Мальчик сделался смелее и подошел ближе. Он рассматривал Собаку восторженными глазами, она же давала смотреть на себя почти равнодушно: это был другой мальчик. Нечего и обнюхивать его: мальчик был другой/Он совсем не походил на незабвенного Диму. Он не мог походить, и на это нельзя было надеяться, и этого нельзя было ожидать. Но все-таки и это был мальчик. Есть что-то общее, детское, во всех детях, что-то одинаковое мальчиковое во всех мальчиках. Уже с трудом Собака отвела глаза: нет! нет! С нее довольно было опыта человеческой дружбы. Никогда. Никогда больше.
   И Собака, поднявшись, отошла. Она переменила место, спасаясь от мальчика. Но он шел за ней. Он сел неподалеку, рядом.
   – Собачка, – сказал он, – у тебя нет настоящего имени. Разве можно называть тебя просто Собакой? Я бы не позволил называть себя просто мальчишкой. Хочешь, я придумаю тебе имя. Я тебе сделаю паспорт. У меня есть печатка, я получил на елке в подарок. Я утащу где-нибудь кусочек сургуча, и мы напечатаем тебе паспорт.
   Он коснулся слегка шеи Собаки, все-таки еще осторожно, – не укусила бы. Сердце Собаки дрогнуло и на минутку как бы остановилось. Опять подымался в ней давний инстинкт – жажда иметь хозяина и быть ему преданным другом. Борьба шла в сердце Собаки. Горечь воспоминаний боролась против надежды ни светлое будущее.
   Но пока Собака колебалась, мальчик уже обнял ее шею ручонками и, прижав лицо к ее морде, шептал:
   – Мы будем дружно играть. Ты будешь моя собачка.
   И Собака послушно кивнула головой.
   День кончился. Отпраздновали новоселье. Все затихло. Наступил прекрасный летний вечер. Зажгли лампаду – и сразу показалось, что Мать и Лида не только были дома, но жили здесь уже давно-давно.
   – Знаешь, мама, – сказала Лида, – я думаю, что мы с тобой счастливы.
   – Конечно, – ответила Мать. – Роптать было бы грехом.
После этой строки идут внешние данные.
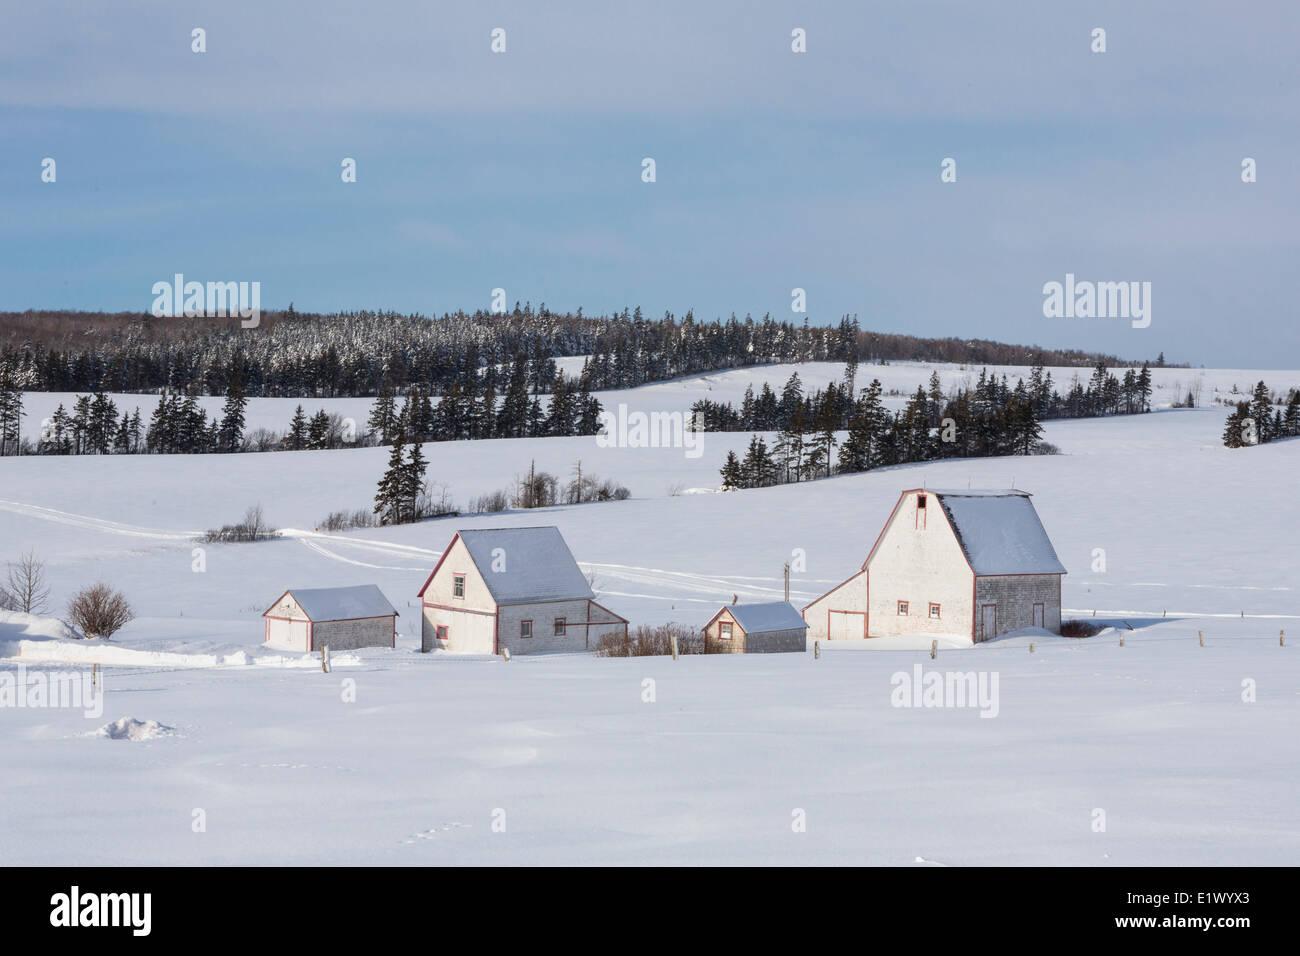 Barns in winter, Irishtown, Prince Edward Island, Canada - Stock Image

Лишь посмотреть, как живут другие, но только… – И она остановилась.
   – Я знаю, мама, о ком ты сейчас подумала: о Диме и Пете. Да?
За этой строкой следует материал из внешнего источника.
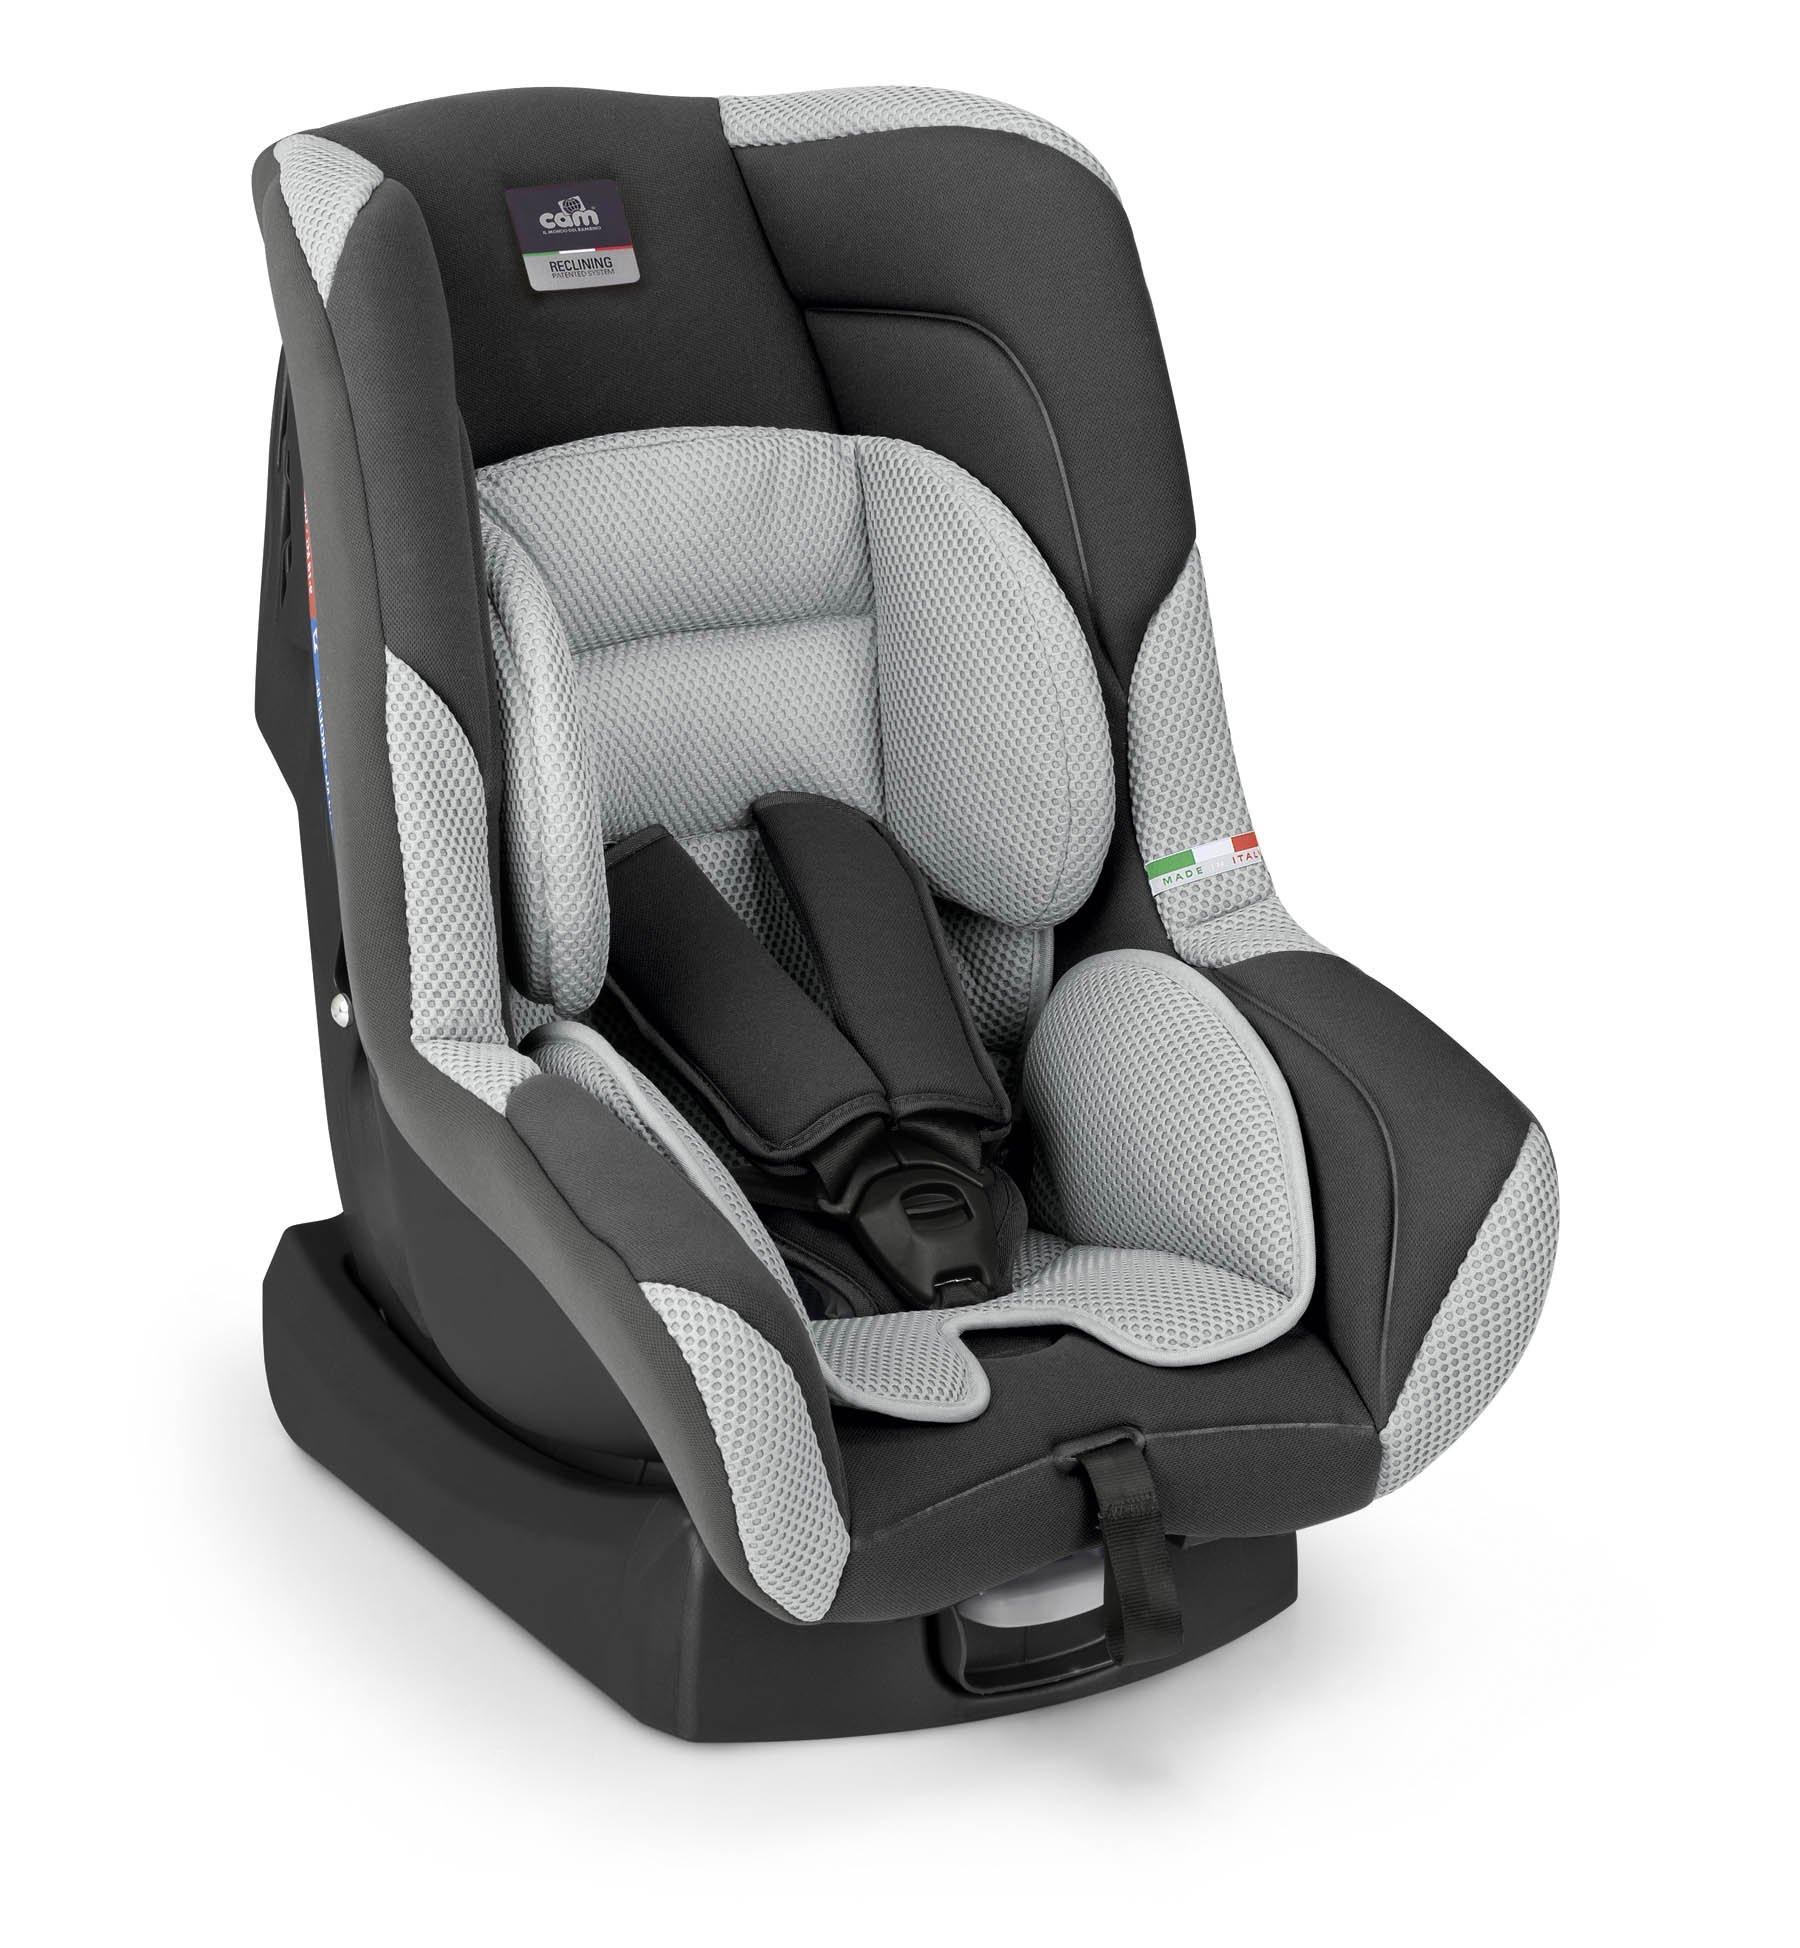 Bērnu autosēdeklis 0-18 kg ar dubulto slīpuma regulēšanu CAM GARA col.213

   – Да, я о них подумала.
   – Я думаю, мама, я даже чувствую, что и они тоже думают, как мы с тобой, что они счастливы.
   – Дай Бог, чтоб так было.
   – Мама, можно мне петь? Я сяду на подоконник, буду смотреть на звезды и петь. Хорошо?
   – Лида, не поздно ли?»
   – Девять часов, наверное. Летом это еще не поздно. Можно.
   – Ну, хорошо. Спой одну песню – и довольно. И не очень громко.
   И Лида запела:
   Песнь моя, лети с мольбою…
   При первых же звуках ее голоса в доме все остановилось.
   – Она поет, – сказала графиня и отложила в сторону книгу. Граф перестал печатать на машинке.
   «Она поет», – подумал Леон. Он ничего не сказал, но вышел на балкон, где стоял неподвижно, один.
   В доме напротив раскрылось окно, и бледное больное лицо выглянуло оттуда – послушать. Стали открываться и другие окна в других домах. Прохожие замедляли шаг, чтобы слышать Лиду подольше. Иные возвращались обратно, и под Лидиным окном стояла небольшая группа людей, привлеченных ее пением. Но окно было расположено на крыше, так что Лида не могла их видеть, да она и не смотрела вниз. Глядя на звезды, она пела полным голосом, забыв, что обещала Матери.
   Первым под окном остановился итальянский солдат. Услыхав голос Лиды, он только тихо свистнул от изумления, остановился да так и стоял до конца песни. Сын народа, который прекрасно поет и понимает в пении, он умел оценить всю прелесть голоса Лиды. Затем около него остановился старый китайский господин в шелковом халате темно-вишневого цвета. Он слушал, слегка наклонив голову и полузакрыв глаза, с глубоким вниманием. Его лицо не выражало ни одобрения, ни порицания – одно только внимание. Это была чужая для него песня, и он хотел судить о ней мудро и по всей справедливости. Подальше, у стены, касаясь ее своей рукой, стояла слепая китаянка. Она вышла на вечернюю прогулку, сопровождаемая своей амой. Она была одета в черное. Искусственный розовый цветок был приколот к ее прическе длинной серебряной шпилькой. Она слушала жадно, как бы получая, впитывая в себя что-то из Лидиной песни. Подальше стояла русская девушка со своим кавалером. Она смотрела вверх, в направлении голоса, хотя и не могла видеть Лиду. Слезы сверкали в ее глазах. Оборванный китайский мальчишка держался поодаль, как и подобает парии: он слушал, но боялся подойти ближе. Он слушал, и его голодные губы двигались, как бы пробуя на вкус эти звуки. Рикши подымали головы, проезжая мимо дома, точно так же, как и их седоки.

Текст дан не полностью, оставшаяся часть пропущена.